What the task requires: Images are not part of the copy; write out the rest of the data exactly as given.

Data shown:

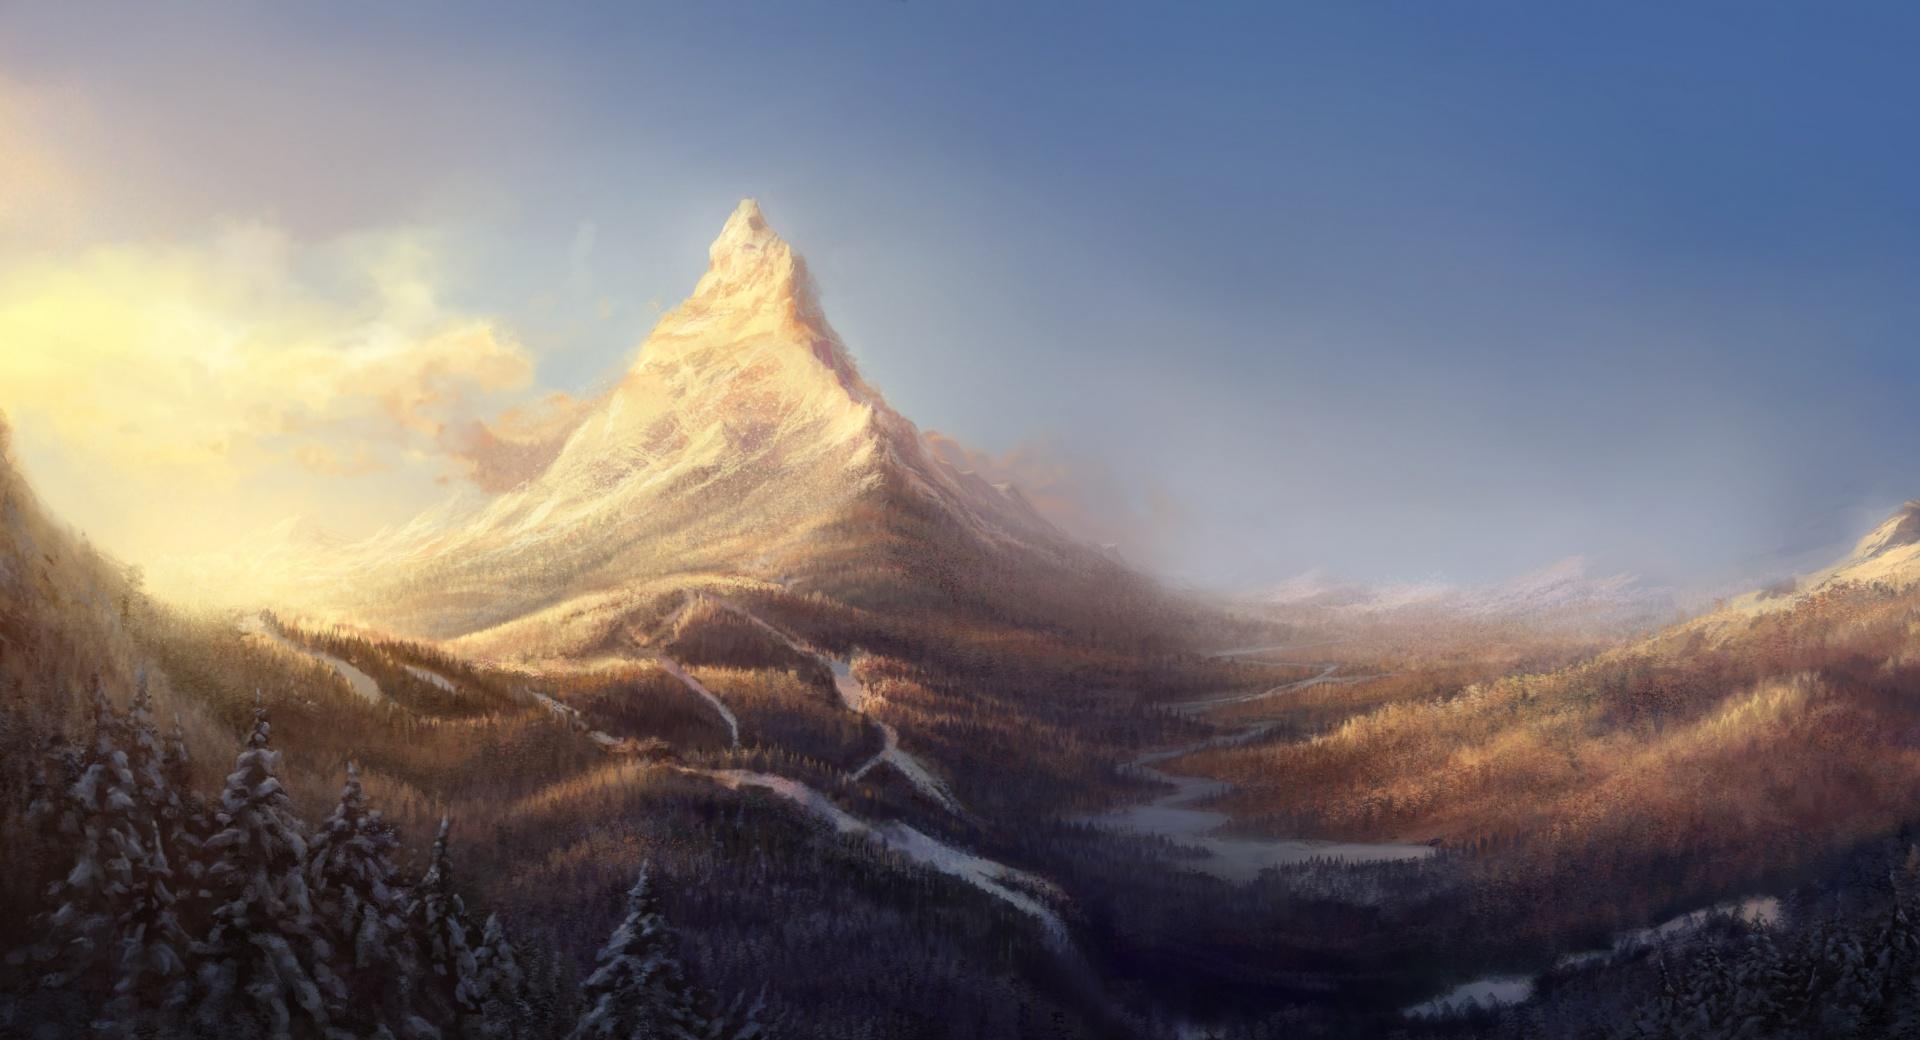 Mountain Peak wallpapers HD quality
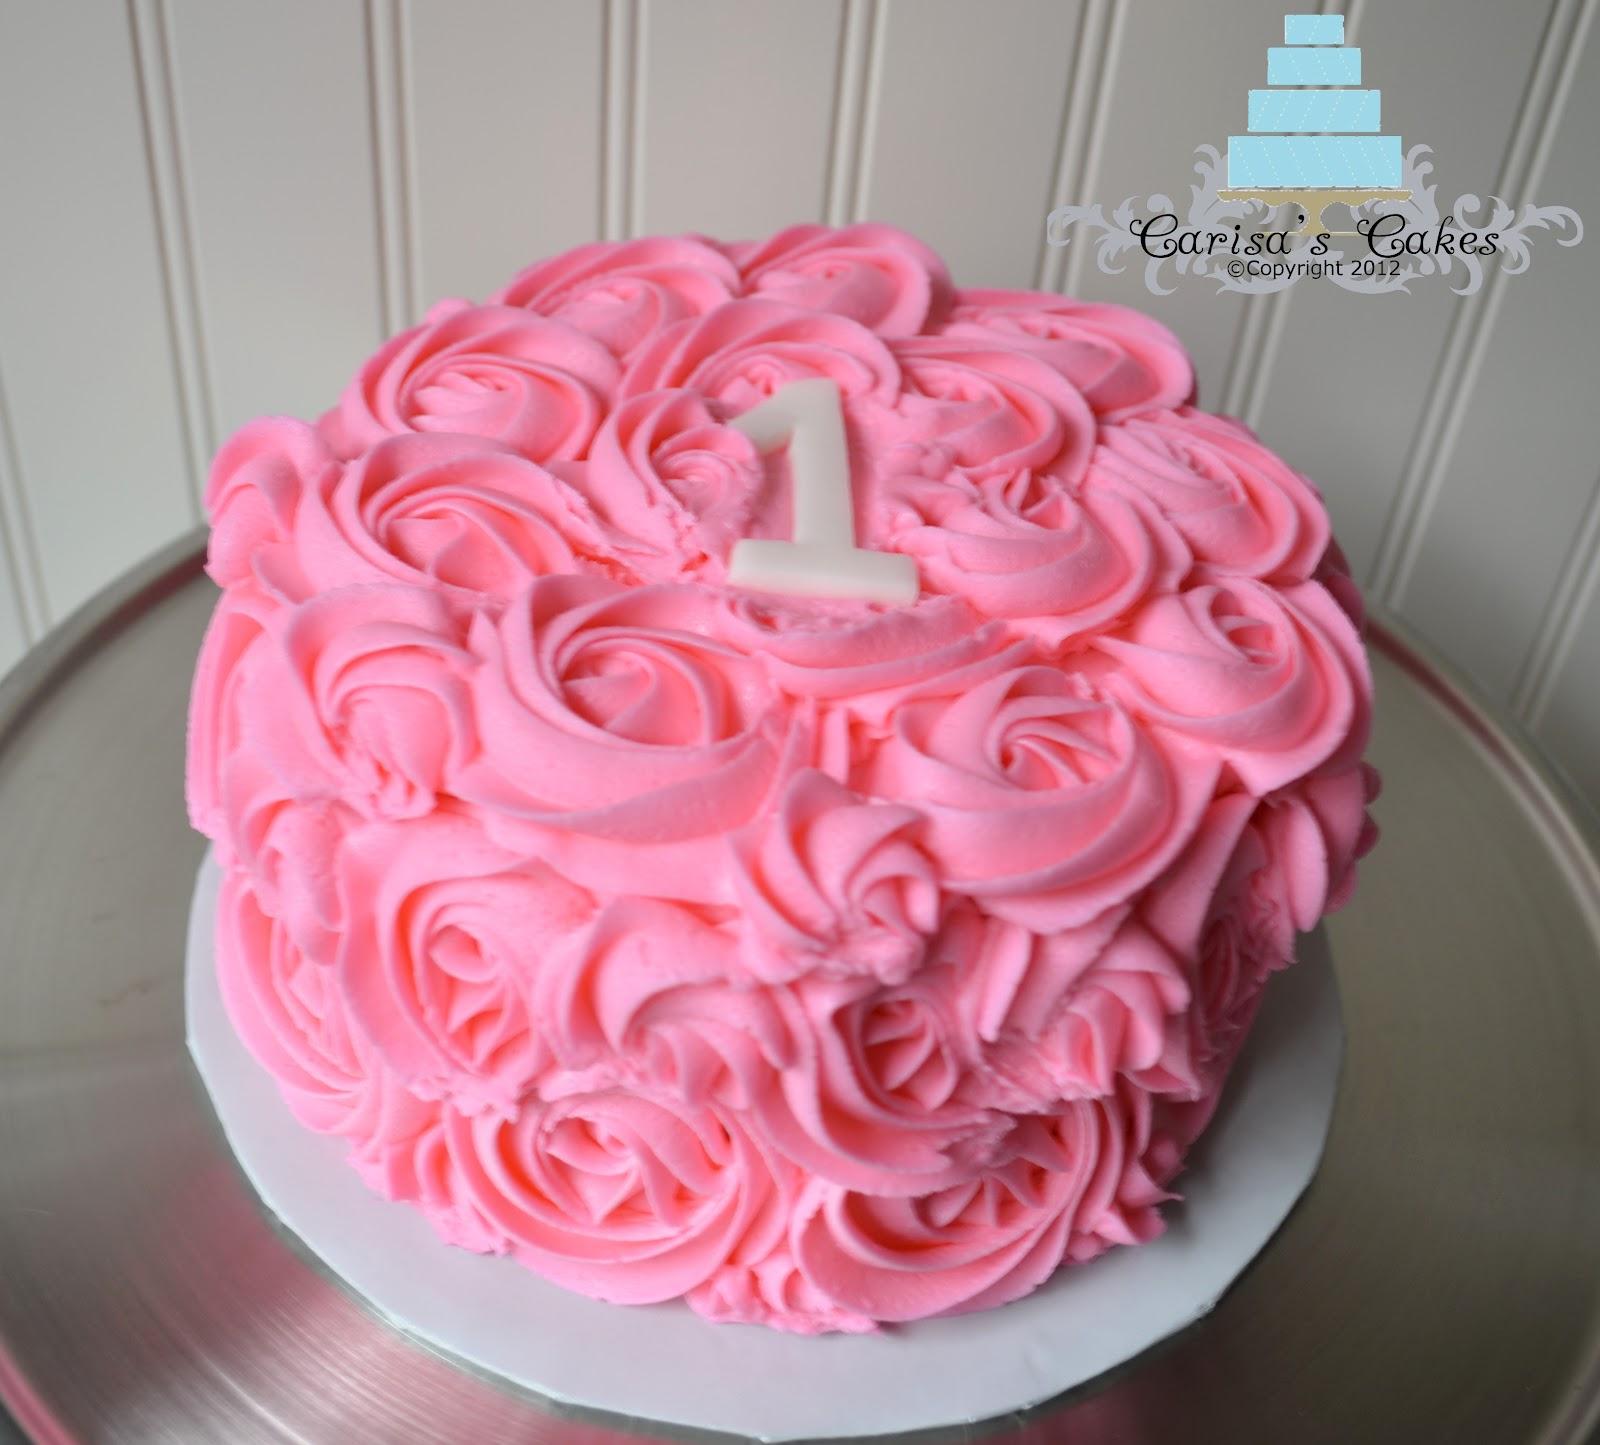 Carisa s Cakes: Rose Swirl Smash Cake #3
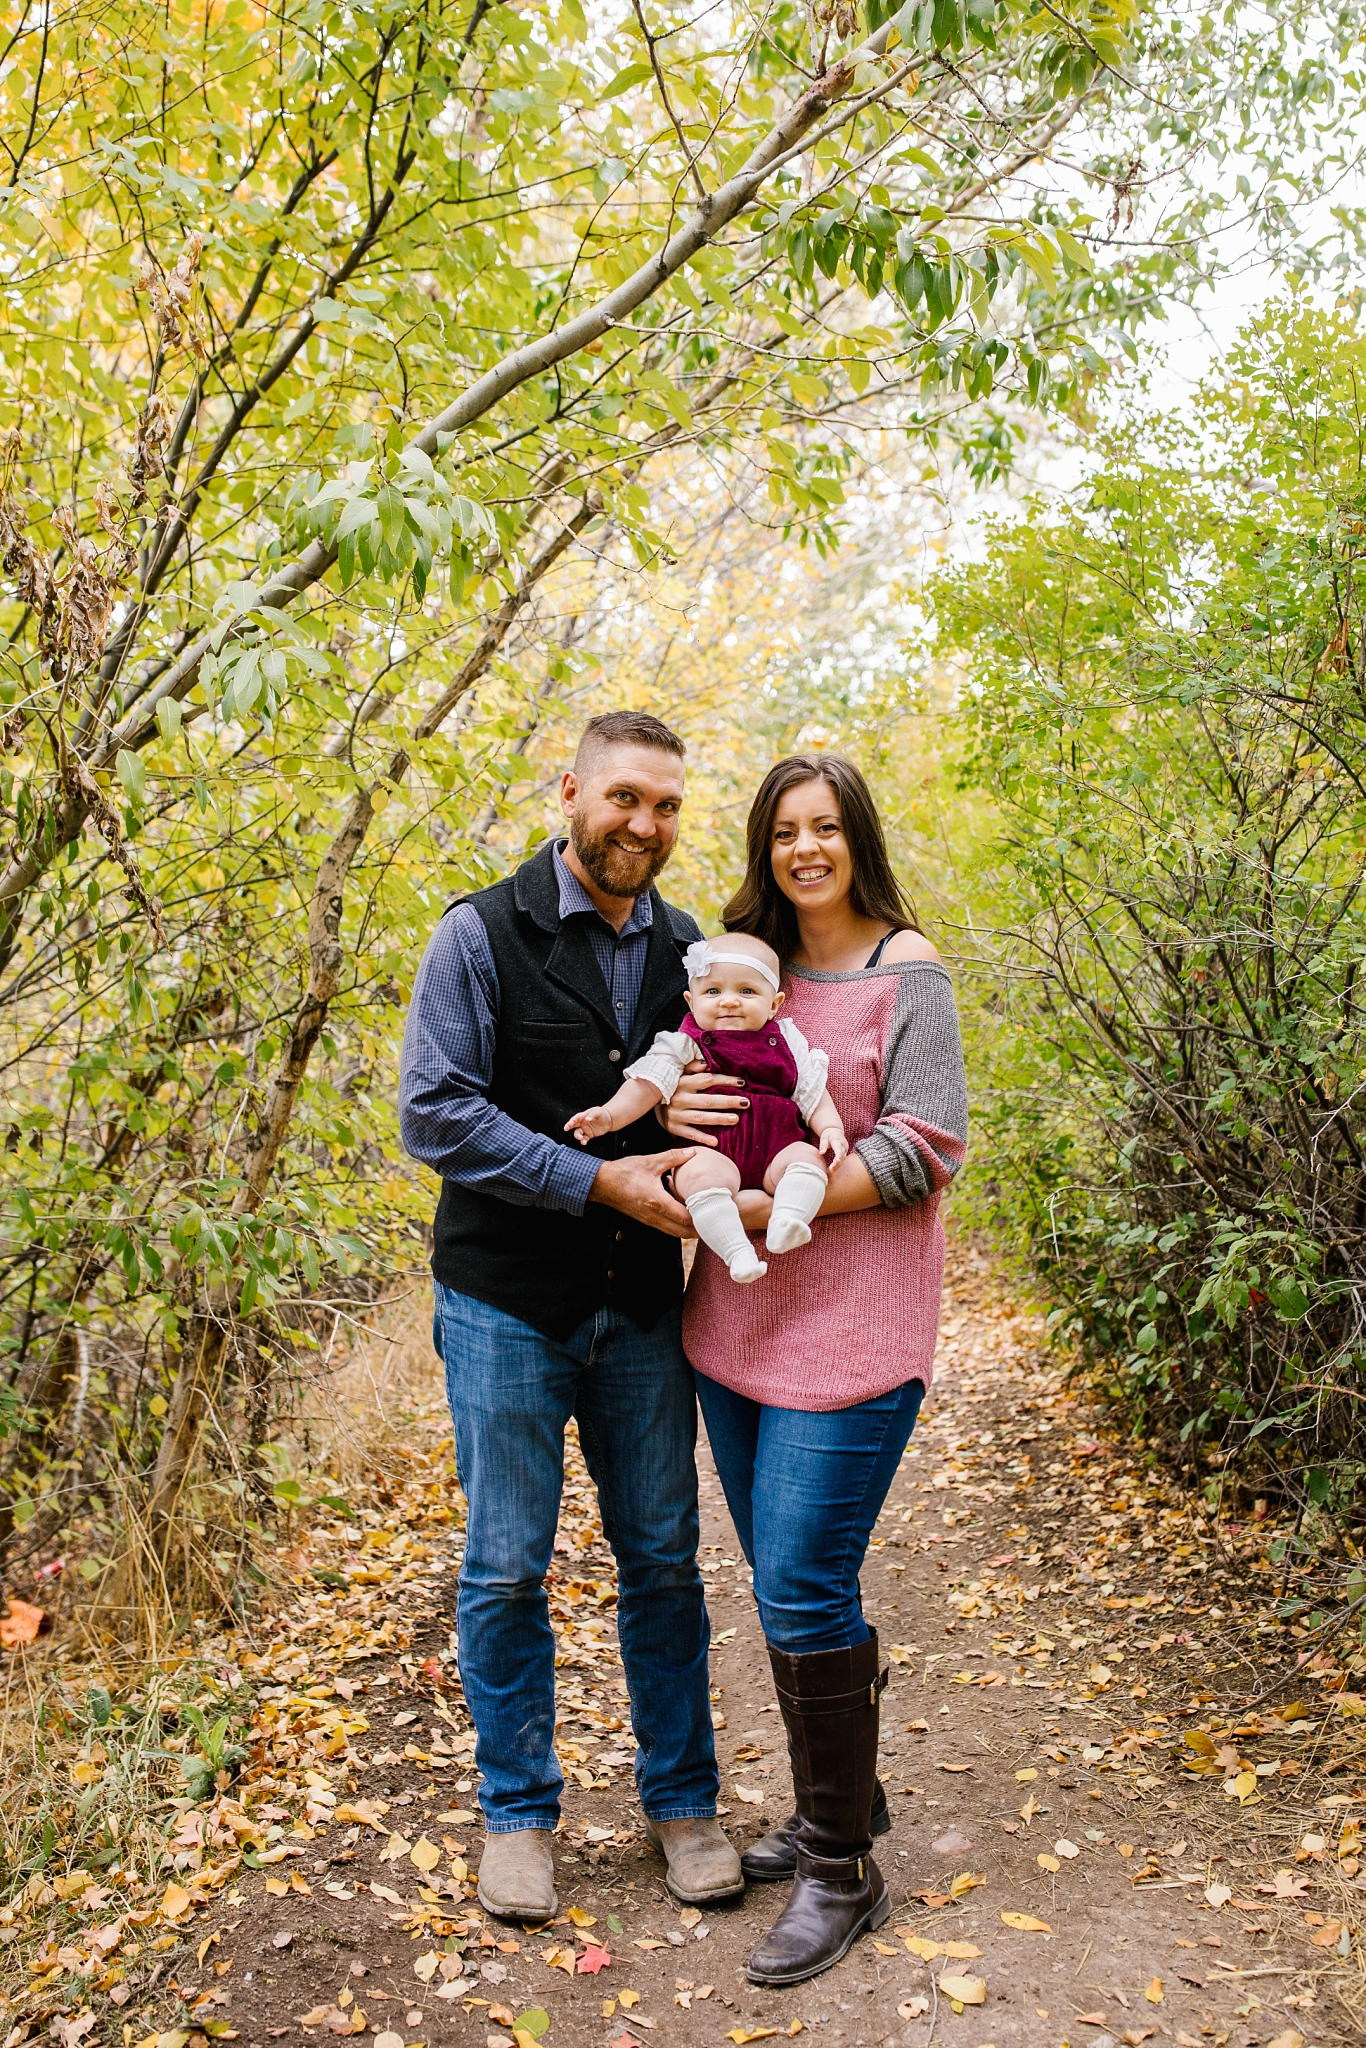 Matthews-19_Lizzie-B-Imagery-Utah-Family-Photographer-Park-City-Salt-Lake-City-Nephi-Utah.jpg

Task response:
 Mountain Peak wallpapers HD quality
 Carisa s Cakes: Rose Swirl Smash Cake #3
 Matthews-19_Lizzie-B-Imagery-Utah-Family-Photographer-Park-City-Salt-Lake-City-Nephi-Utah.jpg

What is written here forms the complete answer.